I am currently in the middle of a little book by Carlo Rovelli called “The Order of Time.” I seem to be stumbling from page to page with my mind being boggled as I attempt to “follow” the story. Having a background in physics might help me do this, but that is not certain. At least I am already familiar with the concepts, theories and historical figures that he draws upon – but the way Rovelli is weaving the story seems both helpful in providing a better glimpse into some of my long-time confusions, but then adds a lot of new ones. I am going to write this posting a little different than normal. I am going to write little snippets, or add interesting quotes as I go along reading the book. That means that this blog will change over time as I “edit” it and repost it with new materials. I don’t promise continuity or avoiding conflicting ideas.
Here goes:
Time goes slower in higher gravitational fields. For example, the gravitational field on top of a mountain is less than at sea level because of the increased distance to the center of mass of the earth. Hence, time is faster on top of the mountain than at sea level. Not a lot slower at sea level, but enough to have major impacts. According to Rovelli, “The slowing down of time has crucial effects: think fall because of it, and it allows us to keep our feet firmly on the ground. If our feet adhere to the pavement, it is because our whole body inclines naturally to where time runs more slowly – and time passes more slowly for your feet than it does for your head.”
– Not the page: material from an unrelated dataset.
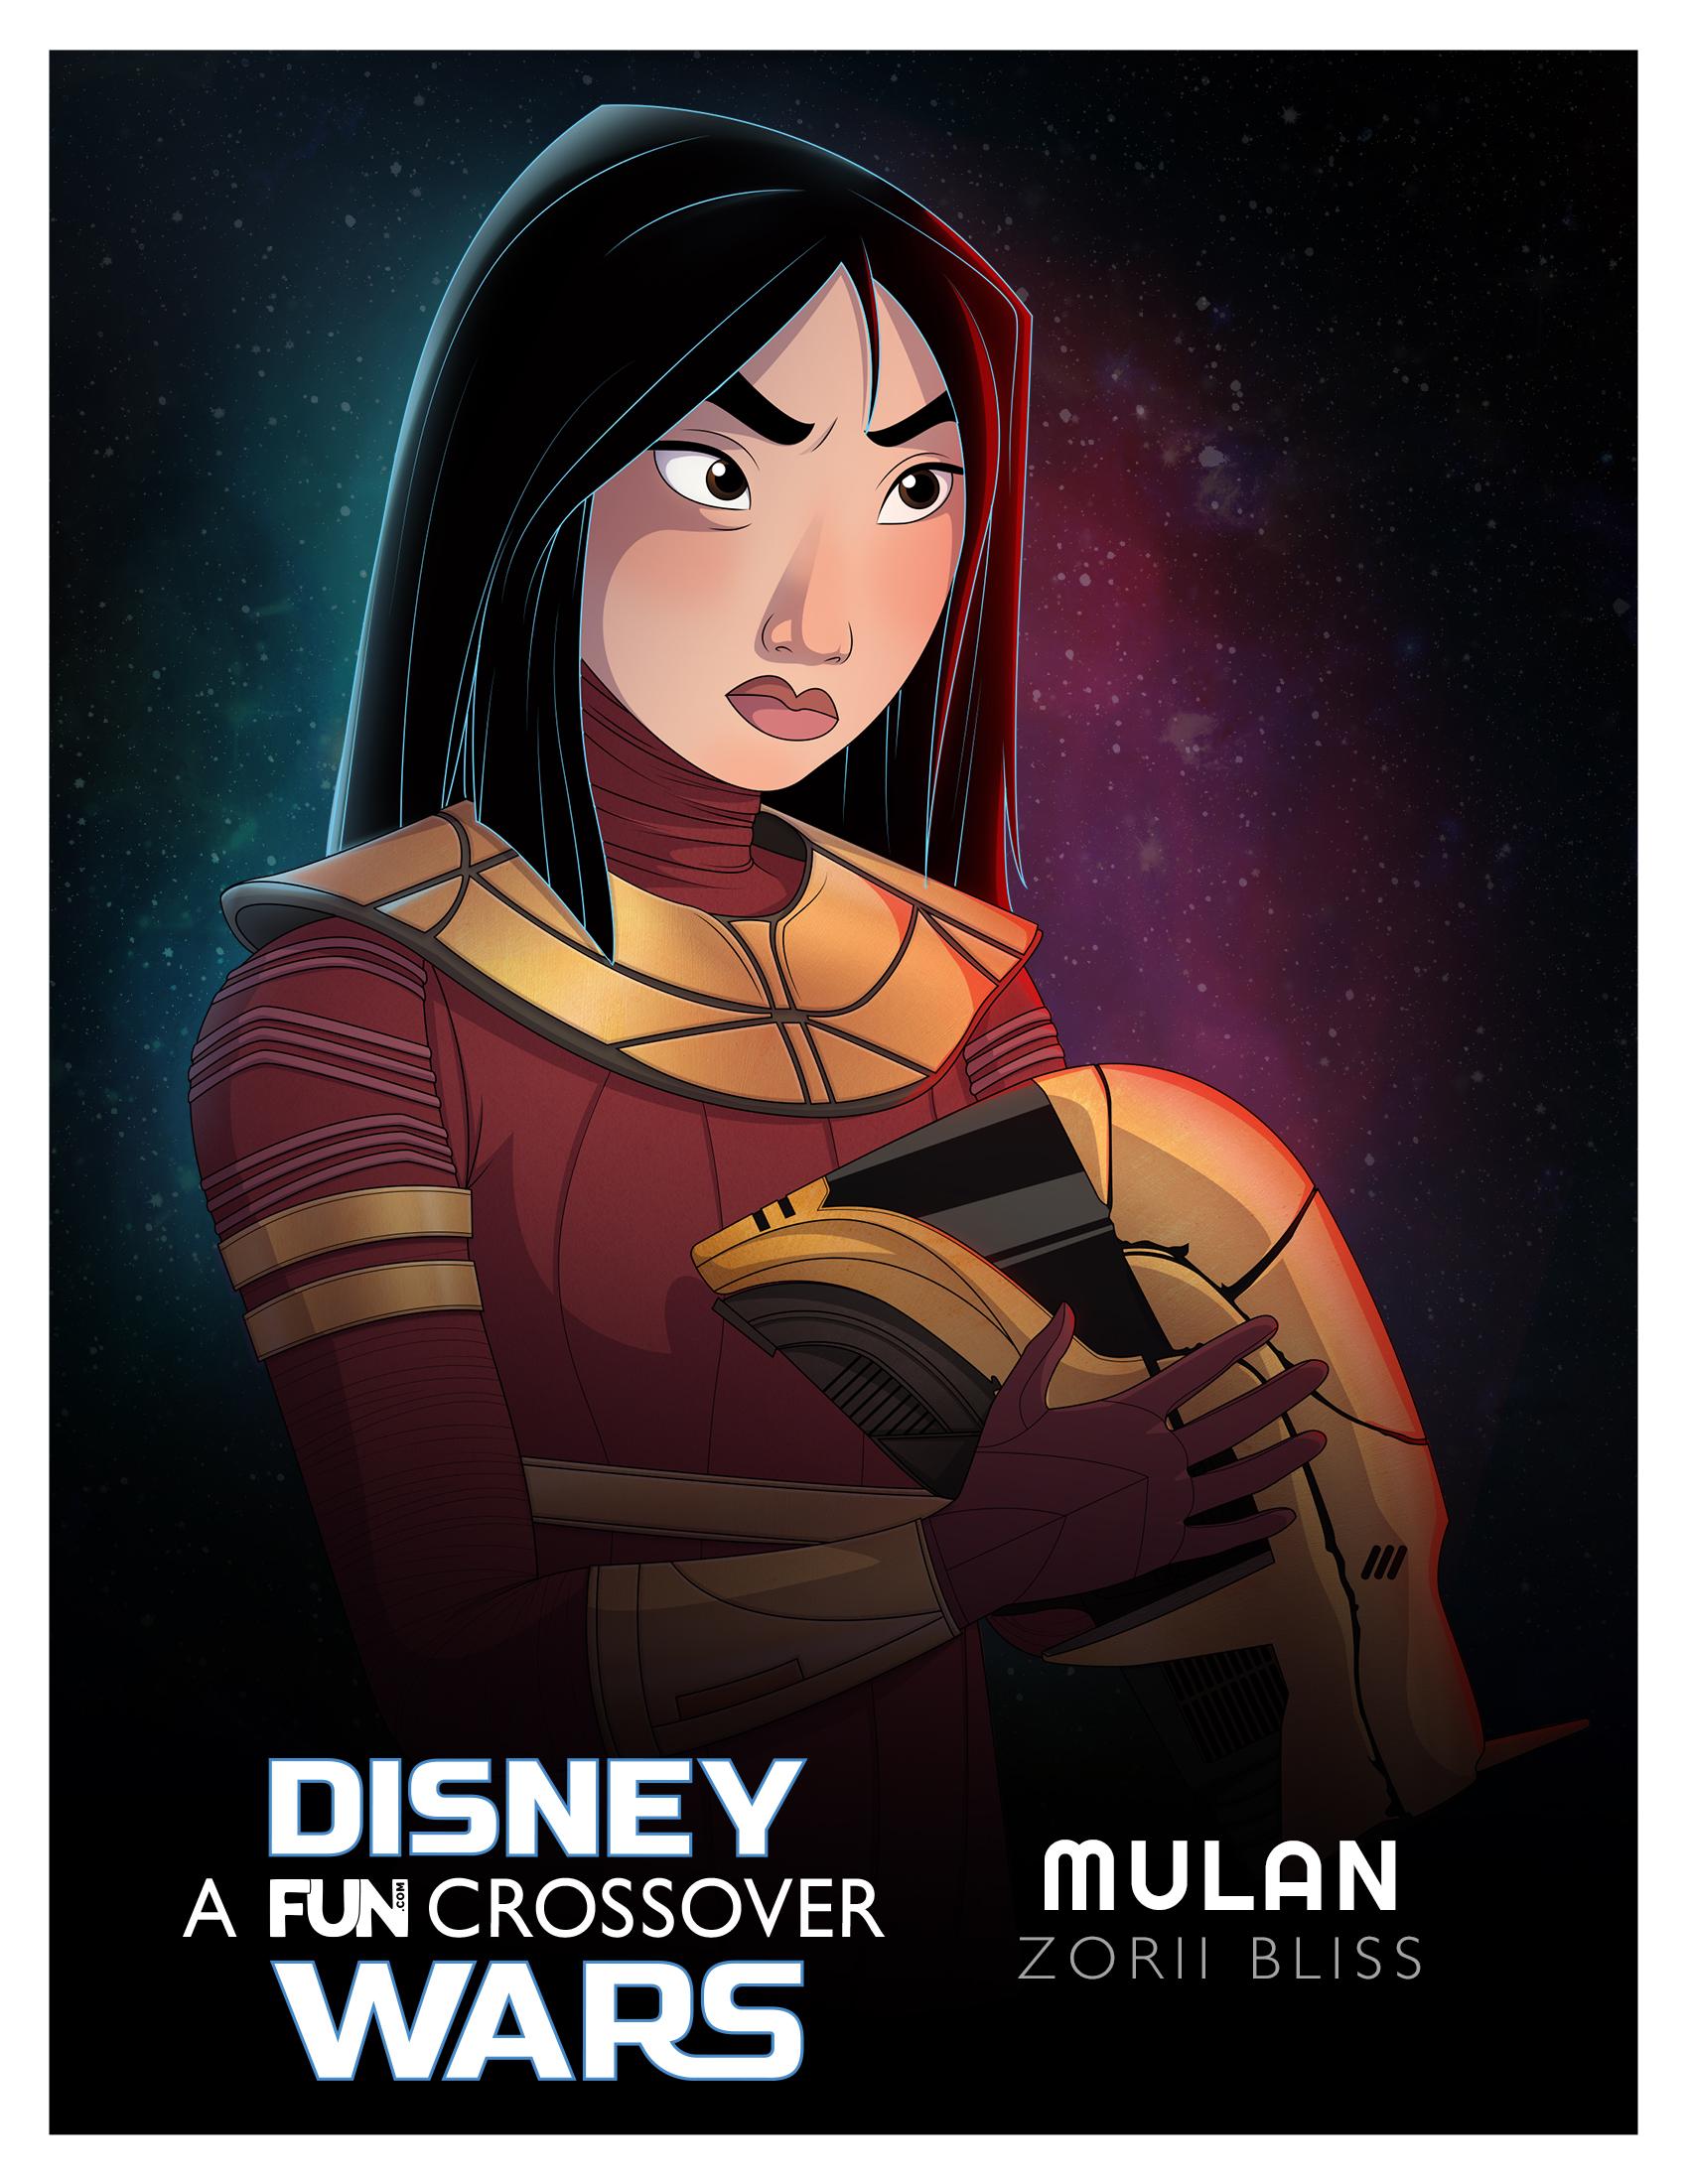 Disney Wars Mulan Zorii Bliss

“On the one hand, there was time, with its many determinations; on the other, the simple fact is that nothing is: things happen.“
“We can think of the world as made up of things. Of substances, Of entities. Of something that is. Or we can think of it as made up of events, Of happenings. Of processes. Of something that occurs. Something that does not last, and that undergoes continual transformation, that is not permanence in time. It is the realization of the ubiquity of impermanence, not of statsis in a motionless time.” This is pointing to the rather odd perspective that the universe is made up of nothing (no thing), it is all a manifestation of action, of change in line with the Buddhist teachings about the importance of the concept of impermanence. It isn’t just that there everything is impermanent, but that is exactly what everything is – IMPERMANENCE. “The world is not a collection of things, it is a collection of events.”
“It isn’t true, as is sometimes stated, that life generates structures that are particularly ordered, or that locally diminish entropy: it is simply a process that degrades and consumes the low entropy of food, it is a self-structured disordering, no more or less than in the rest of the universe. From the most minute events to the more complex ones, it is this dance of ever-increasing entropy, nourished by the initial low entropy of the universe, that is the real dance of Shiva, the destroyer.”
In Book XI of the Confessions, Saint Augustine asks himself about the nature of time, how we can be aware of duration if we are always only in a present that is instantaneous. He concludes that:
It is within my mind, then, that I measure time. I must not allow my mind to insist that time is something objective. When I measure time, I am measuring something in the present in my mind. Either this is time, or I have no idea what time is.